I don't know about anyone else, but that 1.5 hours per pound measure for brisket seems bogus unless your smoking temperature is closer to 200 degrees. My eight pounder hit an internal temperature of 195 degrees after just 6.5 hours with my smoking temp at a consistent 250 degrees. After a nice long rest of 3 hours, it was melt in your mouth tender. Raichlen's brisket rub from his "How to Grill Everything" book is fantastic.
BBQ is year round baby!
2 Comments:
At 1/20/2010 1:55 PM, Andakin said…
Ahh T-Bone...always getting his meat done too fast.

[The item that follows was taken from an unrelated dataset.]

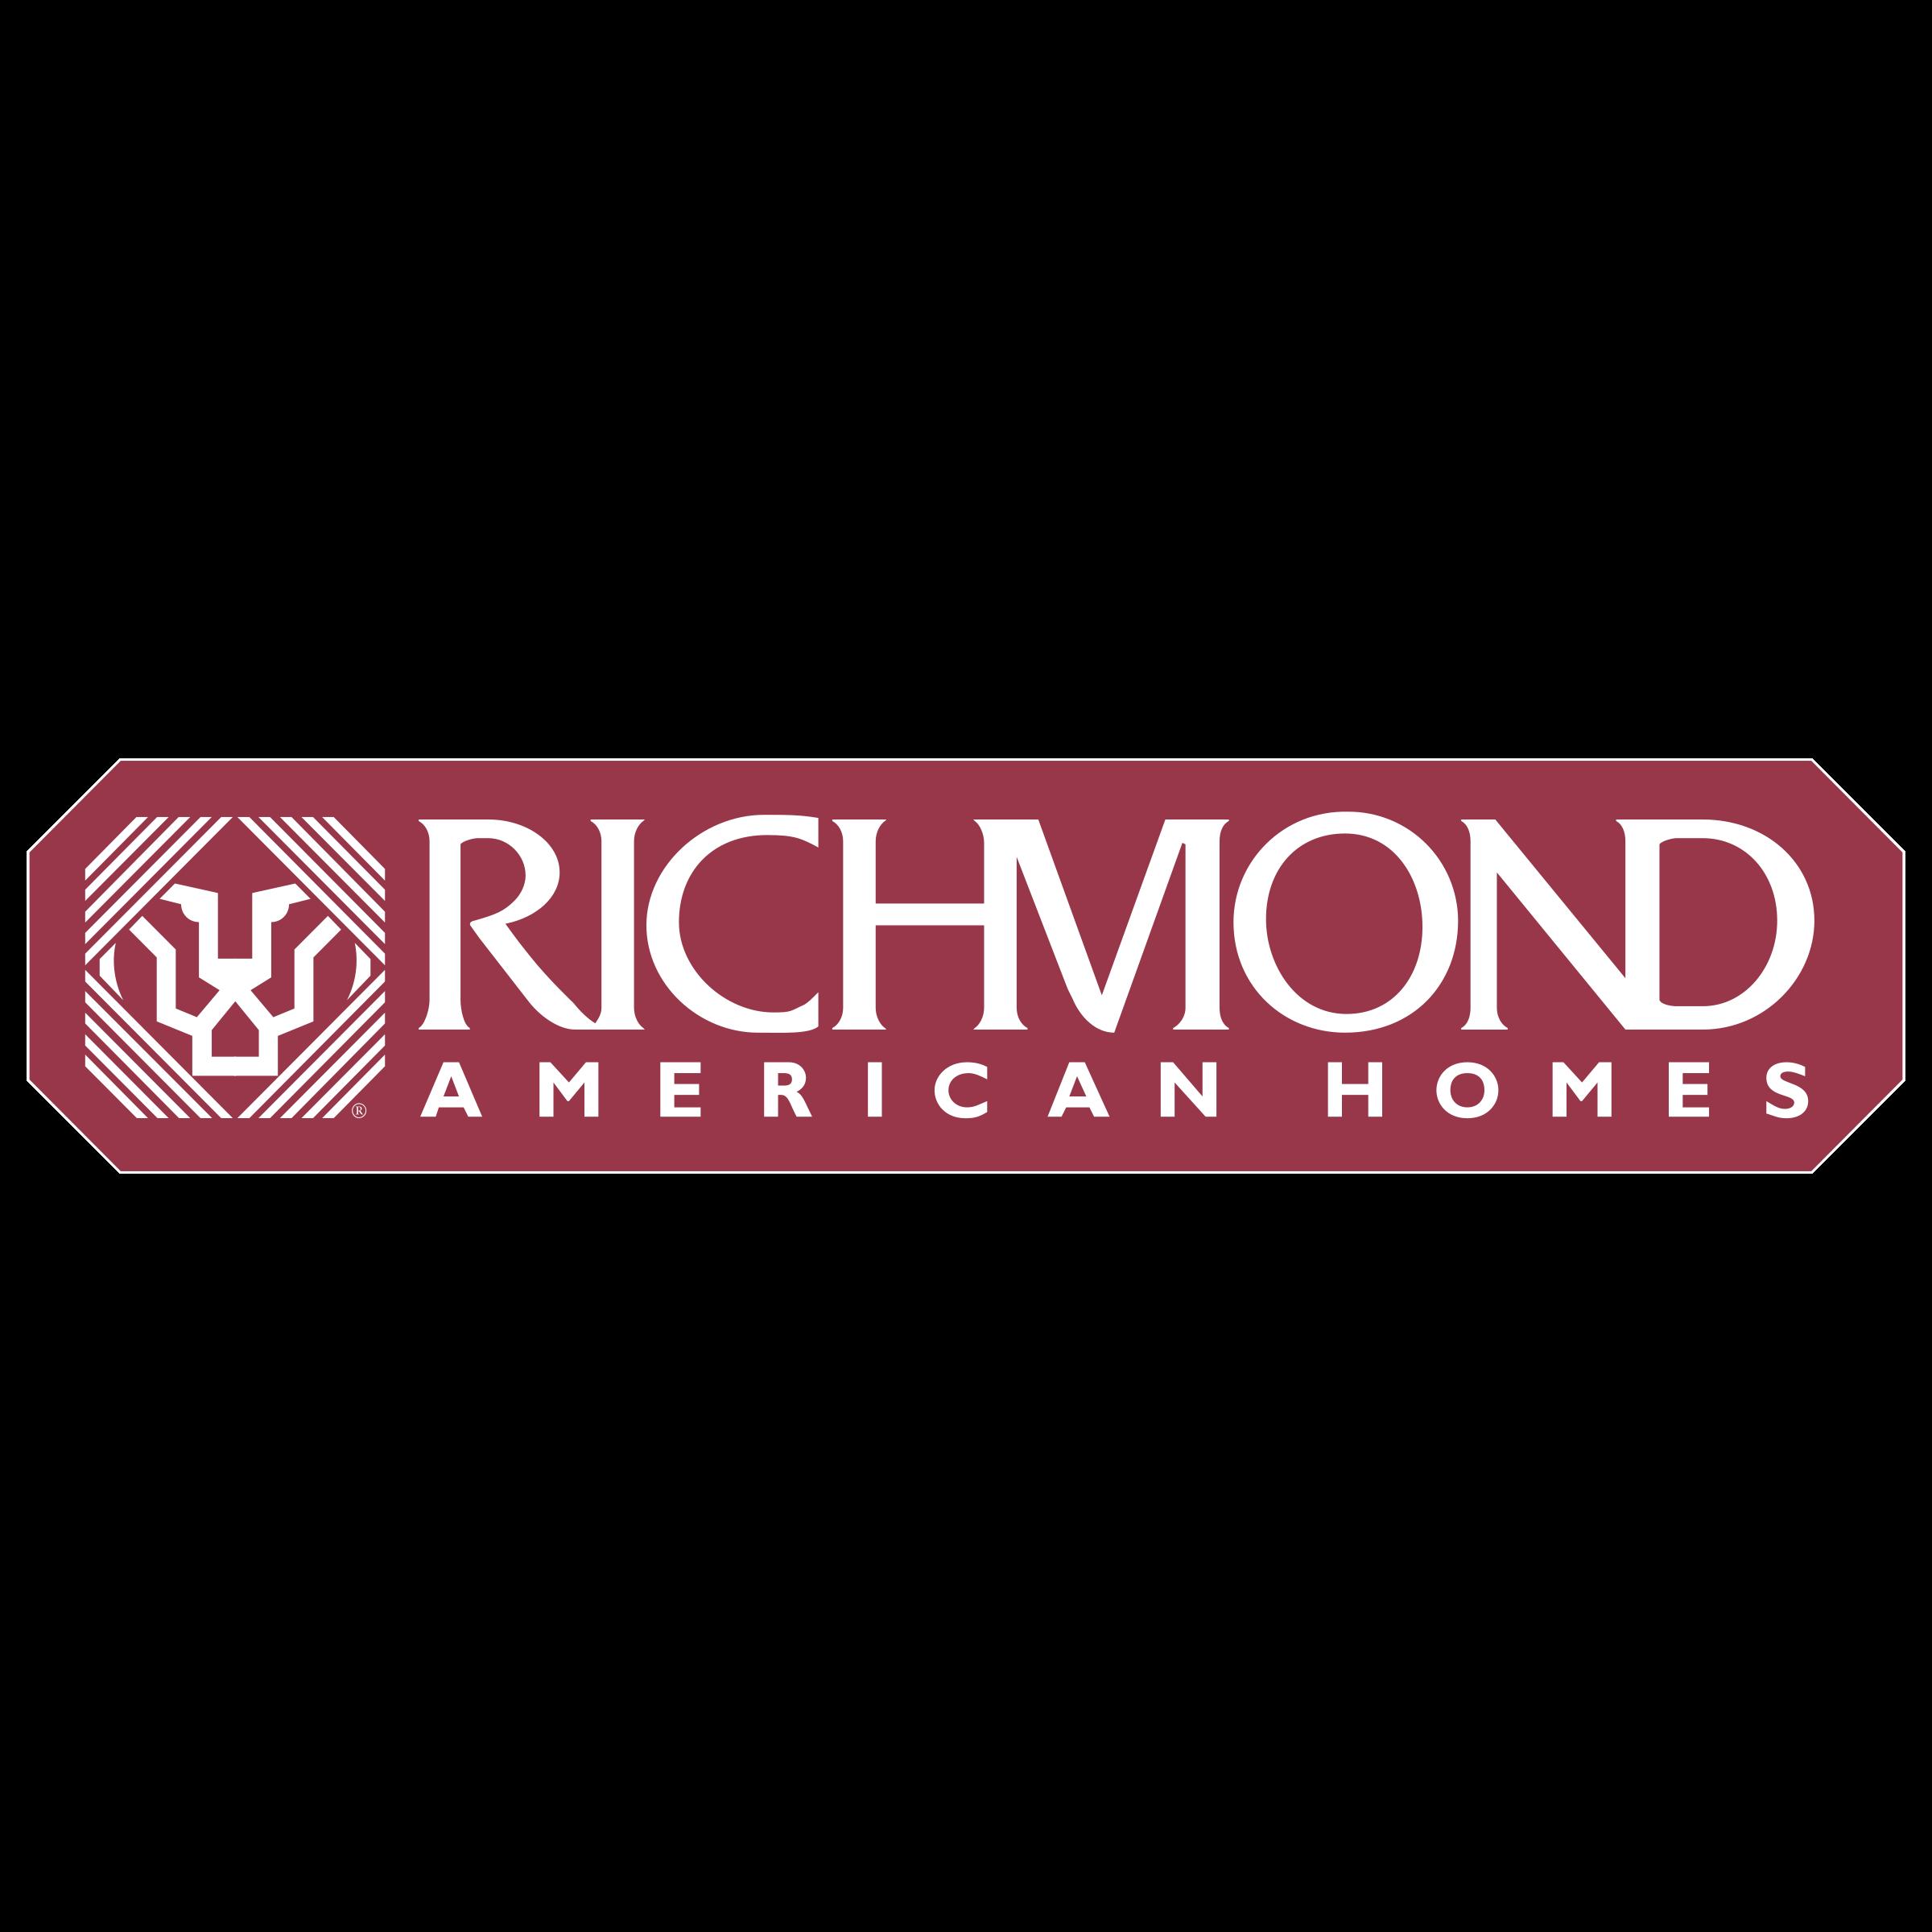 richmondamericanhomes.png
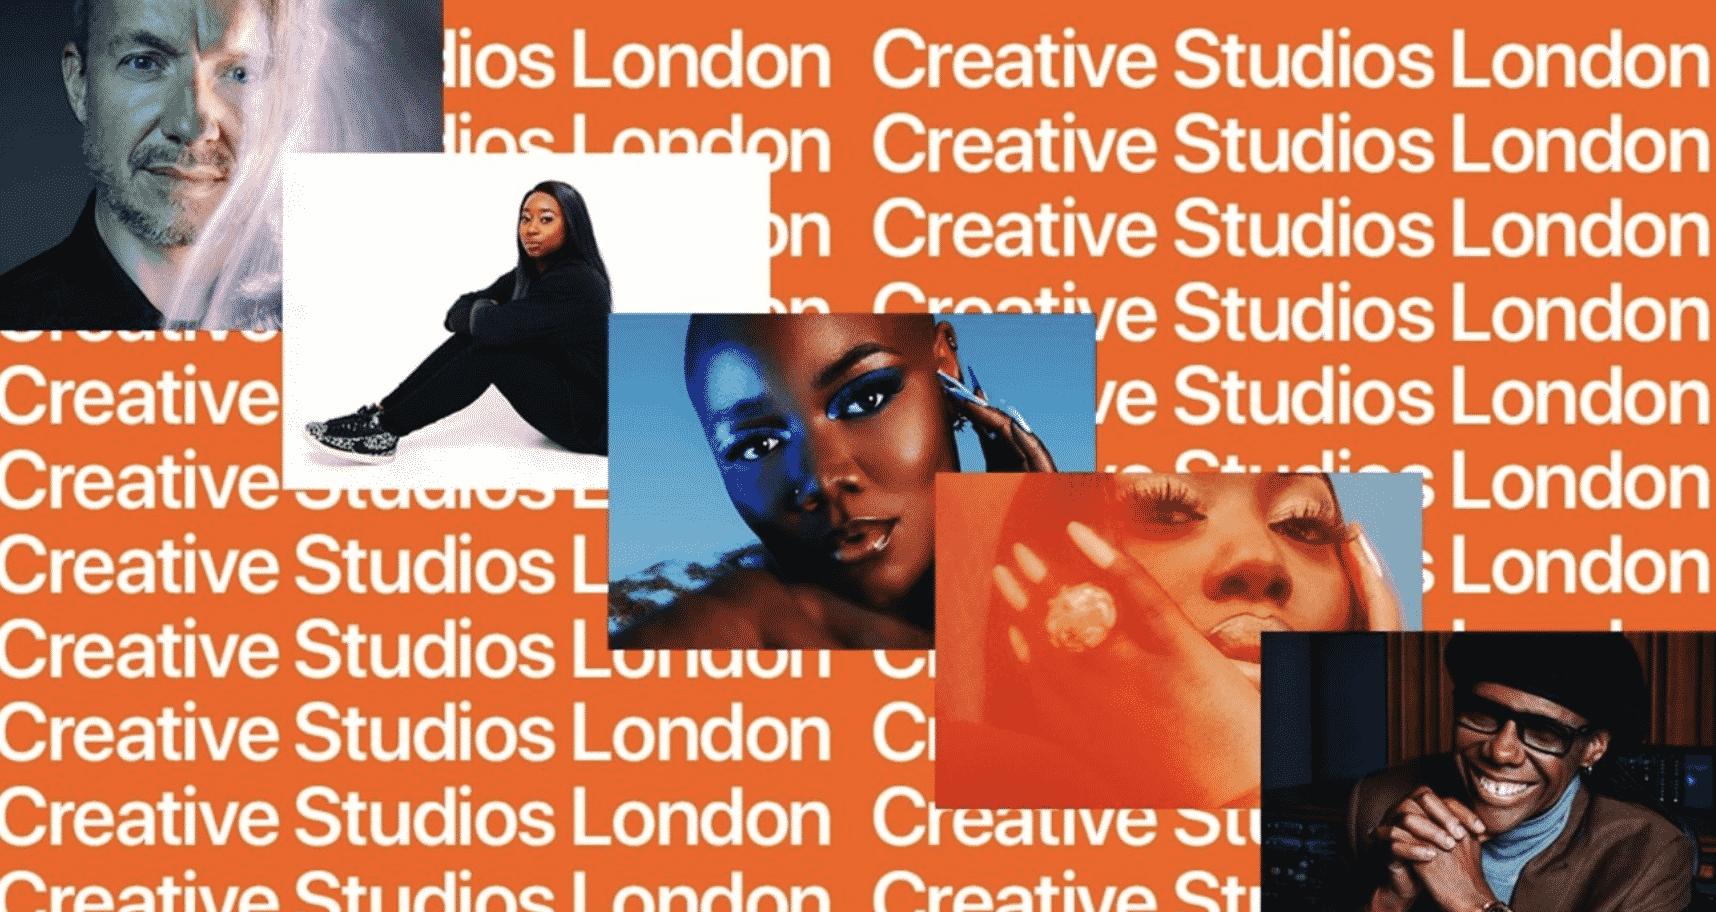 Apple Creative Studios

LOL
Glad it turned out for you though. "Experts" will say that the time in takes is all dependent on the cut of meat, the cow's diet, etc. so I am not surprised that it was done that fast. Brisket is not an exact science like ribs and pork.
On a side note, if you have not seen it yet, check out BBQ Pitmasters on TLC. You can pick up some good tips and really gets you in the mood to do some Q'in!
At 1/20/2010 1:56 PM, Andakin said…
Edit...I meant Ribs and Shoulder.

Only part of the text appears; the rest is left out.